(Dataset records)

------

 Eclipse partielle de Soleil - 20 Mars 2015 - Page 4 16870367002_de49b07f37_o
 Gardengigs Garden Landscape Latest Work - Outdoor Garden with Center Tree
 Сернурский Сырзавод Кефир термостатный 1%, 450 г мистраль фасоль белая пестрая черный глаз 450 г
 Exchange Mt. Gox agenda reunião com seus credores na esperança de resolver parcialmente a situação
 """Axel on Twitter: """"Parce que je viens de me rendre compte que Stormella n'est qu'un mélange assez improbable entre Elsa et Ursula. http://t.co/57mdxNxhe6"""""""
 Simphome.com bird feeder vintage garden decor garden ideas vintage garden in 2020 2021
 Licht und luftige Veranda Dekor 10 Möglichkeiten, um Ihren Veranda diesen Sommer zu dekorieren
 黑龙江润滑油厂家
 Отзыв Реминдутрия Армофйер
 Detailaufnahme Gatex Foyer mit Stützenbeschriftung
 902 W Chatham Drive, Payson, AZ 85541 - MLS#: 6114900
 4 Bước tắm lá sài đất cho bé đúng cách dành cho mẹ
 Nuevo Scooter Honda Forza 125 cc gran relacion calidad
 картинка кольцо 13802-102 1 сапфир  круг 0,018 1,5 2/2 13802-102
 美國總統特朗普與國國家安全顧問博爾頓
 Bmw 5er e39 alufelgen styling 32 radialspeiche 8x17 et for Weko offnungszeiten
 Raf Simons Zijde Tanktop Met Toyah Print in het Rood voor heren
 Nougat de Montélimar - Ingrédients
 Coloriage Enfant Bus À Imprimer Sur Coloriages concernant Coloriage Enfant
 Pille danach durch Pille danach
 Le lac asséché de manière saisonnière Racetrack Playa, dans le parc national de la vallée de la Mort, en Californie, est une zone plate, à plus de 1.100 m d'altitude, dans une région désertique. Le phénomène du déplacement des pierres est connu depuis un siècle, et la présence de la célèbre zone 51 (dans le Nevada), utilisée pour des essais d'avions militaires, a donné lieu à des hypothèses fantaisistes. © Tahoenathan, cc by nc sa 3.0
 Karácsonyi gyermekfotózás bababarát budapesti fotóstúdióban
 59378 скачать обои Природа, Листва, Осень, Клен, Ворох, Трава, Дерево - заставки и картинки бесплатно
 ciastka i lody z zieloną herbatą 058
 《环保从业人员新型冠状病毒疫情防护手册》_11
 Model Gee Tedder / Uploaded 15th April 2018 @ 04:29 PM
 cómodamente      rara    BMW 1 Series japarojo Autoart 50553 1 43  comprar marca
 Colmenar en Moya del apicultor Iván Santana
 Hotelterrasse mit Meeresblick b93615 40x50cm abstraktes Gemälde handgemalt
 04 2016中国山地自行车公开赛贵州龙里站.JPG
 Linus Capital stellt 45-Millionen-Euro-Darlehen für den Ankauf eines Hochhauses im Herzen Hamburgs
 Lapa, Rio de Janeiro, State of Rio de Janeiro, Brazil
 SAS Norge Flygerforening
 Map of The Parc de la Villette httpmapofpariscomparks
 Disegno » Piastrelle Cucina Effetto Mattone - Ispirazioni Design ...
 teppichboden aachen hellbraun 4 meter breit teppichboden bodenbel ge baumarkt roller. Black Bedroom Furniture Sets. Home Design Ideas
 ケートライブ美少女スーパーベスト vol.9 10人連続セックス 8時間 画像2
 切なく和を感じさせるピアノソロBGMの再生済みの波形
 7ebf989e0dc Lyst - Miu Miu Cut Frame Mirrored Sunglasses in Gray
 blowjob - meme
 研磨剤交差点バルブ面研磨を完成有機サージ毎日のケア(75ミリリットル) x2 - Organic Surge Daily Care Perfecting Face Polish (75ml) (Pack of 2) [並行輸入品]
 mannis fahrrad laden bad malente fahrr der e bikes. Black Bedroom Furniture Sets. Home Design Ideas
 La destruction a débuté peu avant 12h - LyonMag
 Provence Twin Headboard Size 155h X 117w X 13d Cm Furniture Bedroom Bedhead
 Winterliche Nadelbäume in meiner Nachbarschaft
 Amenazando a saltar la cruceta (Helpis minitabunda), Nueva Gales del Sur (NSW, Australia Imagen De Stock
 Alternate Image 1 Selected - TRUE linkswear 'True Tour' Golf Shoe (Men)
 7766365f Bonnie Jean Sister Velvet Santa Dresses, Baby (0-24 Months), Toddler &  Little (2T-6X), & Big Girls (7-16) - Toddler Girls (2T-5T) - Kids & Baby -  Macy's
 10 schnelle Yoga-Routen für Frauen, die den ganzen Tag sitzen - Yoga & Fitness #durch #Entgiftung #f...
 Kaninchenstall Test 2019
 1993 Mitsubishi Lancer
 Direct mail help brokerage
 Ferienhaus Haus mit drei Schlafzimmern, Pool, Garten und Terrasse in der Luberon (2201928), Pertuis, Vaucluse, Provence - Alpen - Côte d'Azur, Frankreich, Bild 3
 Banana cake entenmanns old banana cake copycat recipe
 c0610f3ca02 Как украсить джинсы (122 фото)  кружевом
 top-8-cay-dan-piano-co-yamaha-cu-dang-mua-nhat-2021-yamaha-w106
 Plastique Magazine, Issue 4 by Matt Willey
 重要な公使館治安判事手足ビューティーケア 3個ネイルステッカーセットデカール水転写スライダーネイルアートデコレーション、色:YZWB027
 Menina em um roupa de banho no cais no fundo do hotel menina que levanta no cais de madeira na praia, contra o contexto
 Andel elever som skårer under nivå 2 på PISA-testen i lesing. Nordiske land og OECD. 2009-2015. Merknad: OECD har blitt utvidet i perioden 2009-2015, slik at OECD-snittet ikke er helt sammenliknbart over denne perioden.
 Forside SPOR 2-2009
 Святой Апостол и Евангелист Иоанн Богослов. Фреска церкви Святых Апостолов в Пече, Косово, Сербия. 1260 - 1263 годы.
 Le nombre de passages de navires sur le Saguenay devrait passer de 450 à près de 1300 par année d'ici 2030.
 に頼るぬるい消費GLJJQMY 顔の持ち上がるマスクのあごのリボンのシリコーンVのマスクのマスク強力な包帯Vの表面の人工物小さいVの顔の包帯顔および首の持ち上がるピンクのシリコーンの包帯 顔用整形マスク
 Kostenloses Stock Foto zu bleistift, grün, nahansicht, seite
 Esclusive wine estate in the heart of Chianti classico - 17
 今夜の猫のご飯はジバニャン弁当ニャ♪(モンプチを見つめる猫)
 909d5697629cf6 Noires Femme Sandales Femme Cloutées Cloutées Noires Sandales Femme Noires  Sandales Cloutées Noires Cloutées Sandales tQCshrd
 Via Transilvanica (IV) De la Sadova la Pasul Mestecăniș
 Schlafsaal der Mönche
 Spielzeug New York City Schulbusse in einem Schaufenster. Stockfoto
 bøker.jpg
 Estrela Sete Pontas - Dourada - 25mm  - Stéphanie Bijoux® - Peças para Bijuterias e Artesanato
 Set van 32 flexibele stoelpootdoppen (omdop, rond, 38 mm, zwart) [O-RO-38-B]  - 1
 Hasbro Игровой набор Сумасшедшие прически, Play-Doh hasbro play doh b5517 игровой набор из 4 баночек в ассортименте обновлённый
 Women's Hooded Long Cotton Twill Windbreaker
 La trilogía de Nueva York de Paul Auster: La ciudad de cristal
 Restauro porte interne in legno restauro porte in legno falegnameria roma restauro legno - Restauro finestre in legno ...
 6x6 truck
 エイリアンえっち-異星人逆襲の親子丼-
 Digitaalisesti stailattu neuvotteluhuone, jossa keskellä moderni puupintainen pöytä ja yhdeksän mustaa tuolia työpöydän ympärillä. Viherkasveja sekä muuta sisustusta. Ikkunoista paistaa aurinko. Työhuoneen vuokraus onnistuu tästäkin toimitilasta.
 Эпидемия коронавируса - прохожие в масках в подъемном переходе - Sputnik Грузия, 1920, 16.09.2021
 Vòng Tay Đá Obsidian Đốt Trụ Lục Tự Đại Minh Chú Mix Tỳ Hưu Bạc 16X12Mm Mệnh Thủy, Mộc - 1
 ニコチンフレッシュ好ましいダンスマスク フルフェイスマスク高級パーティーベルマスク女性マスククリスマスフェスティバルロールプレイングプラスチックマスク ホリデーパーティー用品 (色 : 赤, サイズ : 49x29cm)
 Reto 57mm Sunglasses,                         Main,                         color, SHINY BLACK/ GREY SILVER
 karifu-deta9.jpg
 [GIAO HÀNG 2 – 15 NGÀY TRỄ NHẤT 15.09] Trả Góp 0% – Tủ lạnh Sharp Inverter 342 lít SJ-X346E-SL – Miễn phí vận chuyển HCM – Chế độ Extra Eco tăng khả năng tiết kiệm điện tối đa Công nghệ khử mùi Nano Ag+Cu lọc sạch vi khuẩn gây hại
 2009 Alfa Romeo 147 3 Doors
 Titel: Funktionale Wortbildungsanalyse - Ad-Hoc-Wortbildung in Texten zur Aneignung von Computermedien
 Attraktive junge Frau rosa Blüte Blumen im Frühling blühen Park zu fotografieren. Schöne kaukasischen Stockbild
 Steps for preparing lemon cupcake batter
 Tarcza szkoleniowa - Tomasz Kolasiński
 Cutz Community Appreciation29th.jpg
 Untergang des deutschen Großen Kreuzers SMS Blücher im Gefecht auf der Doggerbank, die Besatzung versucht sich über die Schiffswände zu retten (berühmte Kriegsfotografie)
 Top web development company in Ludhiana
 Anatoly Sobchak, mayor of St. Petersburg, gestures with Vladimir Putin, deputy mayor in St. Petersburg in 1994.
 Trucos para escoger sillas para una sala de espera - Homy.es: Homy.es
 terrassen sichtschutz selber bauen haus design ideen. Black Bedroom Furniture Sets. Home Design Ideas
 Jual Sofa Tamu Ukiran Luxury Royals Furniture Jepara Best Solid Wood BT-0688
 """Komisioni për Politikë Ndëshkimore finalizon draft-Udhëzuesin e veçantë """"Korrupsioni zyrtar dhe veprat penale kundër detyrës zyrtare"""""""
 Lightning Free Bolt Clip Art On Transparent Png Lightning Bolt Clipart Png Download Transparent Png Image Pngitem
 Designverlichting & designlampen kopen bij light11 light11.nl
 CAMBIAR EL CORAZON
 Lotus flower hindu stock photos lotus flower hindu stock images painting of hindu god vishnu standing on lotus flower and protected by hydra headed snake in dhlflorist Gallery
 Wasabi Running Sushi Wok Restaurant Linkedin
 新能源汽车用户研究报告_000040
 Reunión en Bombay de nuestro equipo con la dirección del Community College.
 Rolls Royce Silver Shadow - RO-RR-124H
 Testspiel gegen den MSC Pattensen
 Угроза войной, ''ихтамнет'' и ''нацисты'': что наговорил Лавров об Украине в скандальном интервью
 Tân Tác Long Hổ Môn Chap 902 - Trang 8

------

Exercise prompt: Your answer must hold the line containing "新能源汽车用户研究报告_000040" and all lines after it in the entries above, exactly, and nothing else.

Response to this task:
 新能源汽车用户研究报告_000040
 Reunión en Bombay de nuestro equipo con la dirección del Community College.
 Rolls Royce Silver Shadow - RO-RR-124H
 Testspiel gegen den MSC Pattensen
 Угроза войной, ''ихтамнет'' и ''нацисты'': что наговорил Лавров об Украине в скандальном интервью
 Tân Tác Long Hổ Môn Chap 902 - Trang 8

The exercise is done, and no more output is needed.